509: ¡Déjalo usar su poder!
Anna se defendía bastante bien luchando contra dos de los guerreros.
Con su cuerpo sólido, no tenía que preocuparse tanto por recibir golpes con la daga.
Su cuerpo era capaz de resistir los ataques sin sufrir demasiado daño.
Aun así, evitaba recibir golpes directos y ataques de puño.
Las técnicas utilizadas por los puños del clan parecían ser más fuertes que la daga.
Sin embargo, más personas habían entrado en la sala.
Entraron en tropel, se dividieron, ayudando a aquellos que necesitaban ayuda, y ahora, significaba que frente a ella, Anna estaba lidiando con cuatro en lugar de dos.
Los problemas aumentaban, y también los golpes en su cuerpo.
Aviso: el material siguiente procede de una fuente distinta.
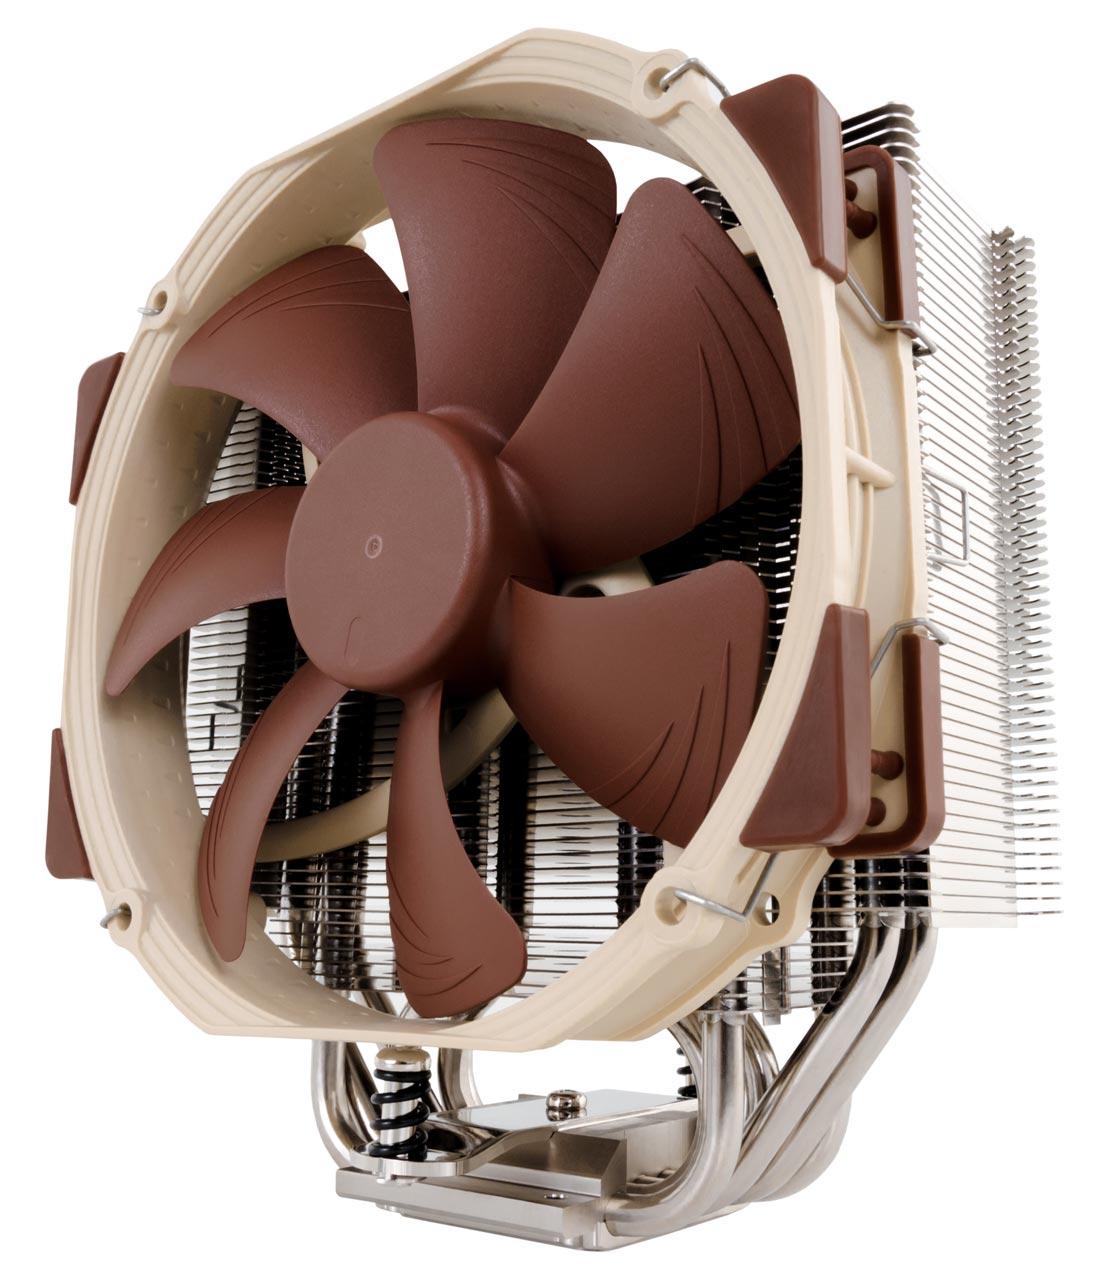 Noctua NH-U14S CPU Cooler Review

Había bloqueado dos de las dagas y luego recibió un golpe profundo justo en su estómago; sus pies se levantaron en el aire por un momento antes de que agarrara la cabeza de uno de los atacantes frente a ella y lanzara la suya hacia atrás.
Otro ataque vino desde el costado, y en un intento desesperado por ayudarla, el hombre sin nombre lanzó su espada.
Cuando la espada impactó, prácticamente rebotó en su espalda porque el Qi que usaba el guerrero era muy superior.
Sin embargo, fue suficiente distracción para permitir que Anna retrocediera ligeramente y se limpiara la boca.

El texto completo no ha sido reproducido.